As a dataset for our reconstruction validation, we calculated the sea surface pCO2 from the observed temperature, salinity, total alkalinity, dissolved inorganic carbon, phosphate, and silicate at Station SEATS (SouthEast Asia Time-series Study; 18 N, 116 E) in the northern basin of the SCS in the summer of 2007, 2009, 2012, 2014, and 2017. The nutrient sample collection and measurement are described in Du et al. (2013, 2017). The samples of total alkalinity and dissolved inorganic carbon were collected and measured following the same procedure in Guo et al. (2015). The calculation of pCO2 was made using the program of Lewis and Wallace (1998), in which the apparent dissociation constants for carbonic acid of Mehrbach et al. (1973) refit by Dickson and Millero (1987) and the dissociation constant for bisulfate ion from Dickson (1990) were employed. Another sea surface pCO2 dataset calculated in the same way at Station SEATS in the summer of 2000, 2001, 2004, and 2006 was compiled from Lui et al. (2020).
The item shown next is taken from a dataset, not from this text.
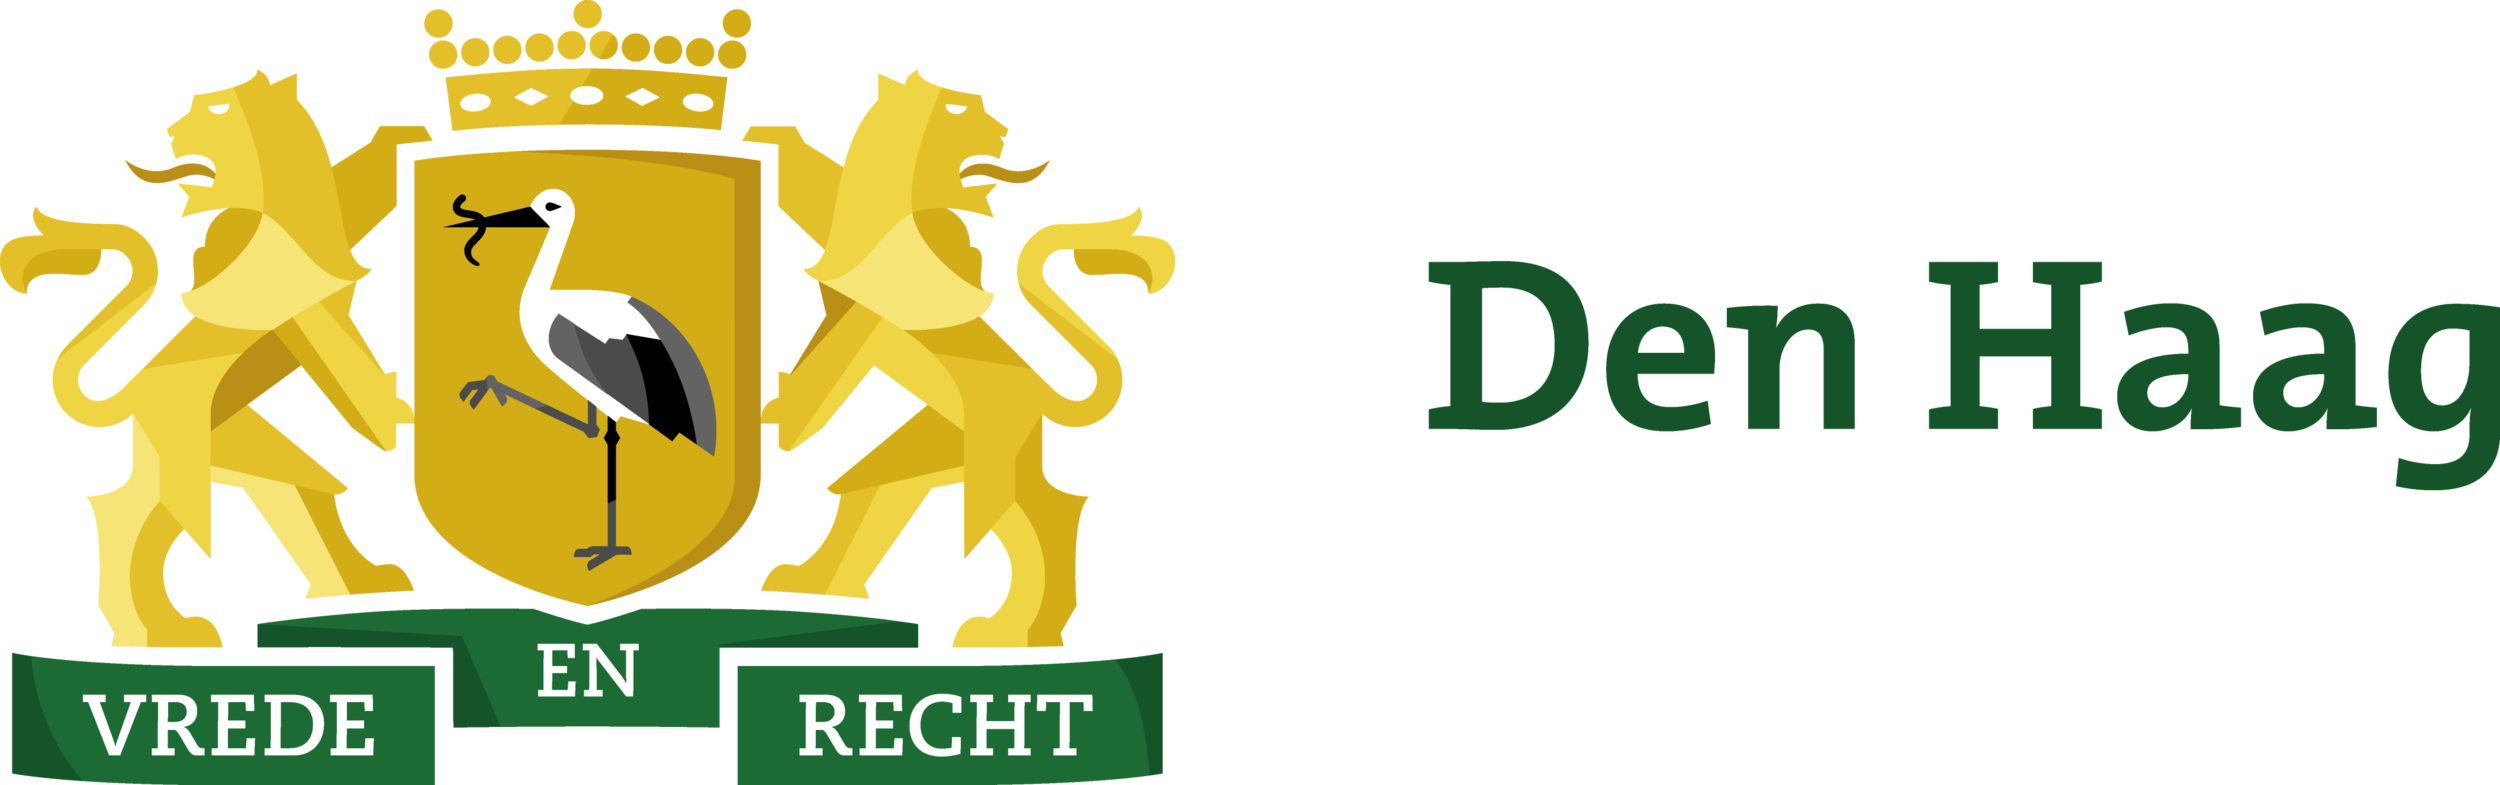 gemeente-Den-Haag-logo-transparant

2.2 Remote-sensing-derived sea surface pCO2 data

The satellite remote-sensing-derived sea surface pCO2 in the SCS was estimated for the years of 2000–2014 using a “mechanistic semi-analytical algorithm” (MeSAA) developed by Bai et al. (2015a). In the summer in the SCS, the thermodynamic, mixing, and biological effects on the sea surface pCO2 were parameterized in the MeSAA algorithm as a function of major controlling factors derived from multiple-satellite-derived sea surface temperature, colored dissolved organic matter, and chlorophyll. The spatial resolution of the remote-sensing-derived pCO2 estimates is 1×1. These estimates were aggregated into 0.5×0.5 grid boxes in our study region (5–25 N, 109–122 E). As shown in Fig. 4, the gridded remote-sensing-derived pCO2 data cover almost all the areas of the SCS (see the boxes of RS pCO2 and RS estimates of full coverage in Fig. 1). We made a validation study for the remote-sensing-derived pCO2 by comparison with the observed underway pCO2 (Fig. 5). In general, most of the remote-sensing-derived pCO2 overestimate the sea surface pCO2 but not by more than 50 µatm. The root-mean-square error (RMSE) falls in the range from 12.8 to 89.0 µatm with a median of 33.8 µatm (Table 2). The RMSE values are high in the years when the underway data covered only the shelf regions. With the MeSAA algorithm, the derived pCO2 dataset represents the major CO2 variation in large scales. However, variations shown by these remote-sensing-derived pCO2 data are much less than those shown by the observed pCO2 data because the current MeSAA algorithm does not consider some local processes, such as eddies and potentially different carbonate system patterns in coastal areas. Larger spatial variations are expected especially in areas influenced by river plumes. This makes it necessary to reconstruct a pCO2 field not only from the remote-sensing-derived pCO2 but also constrained by the observed in situ pCO2 data from cruises.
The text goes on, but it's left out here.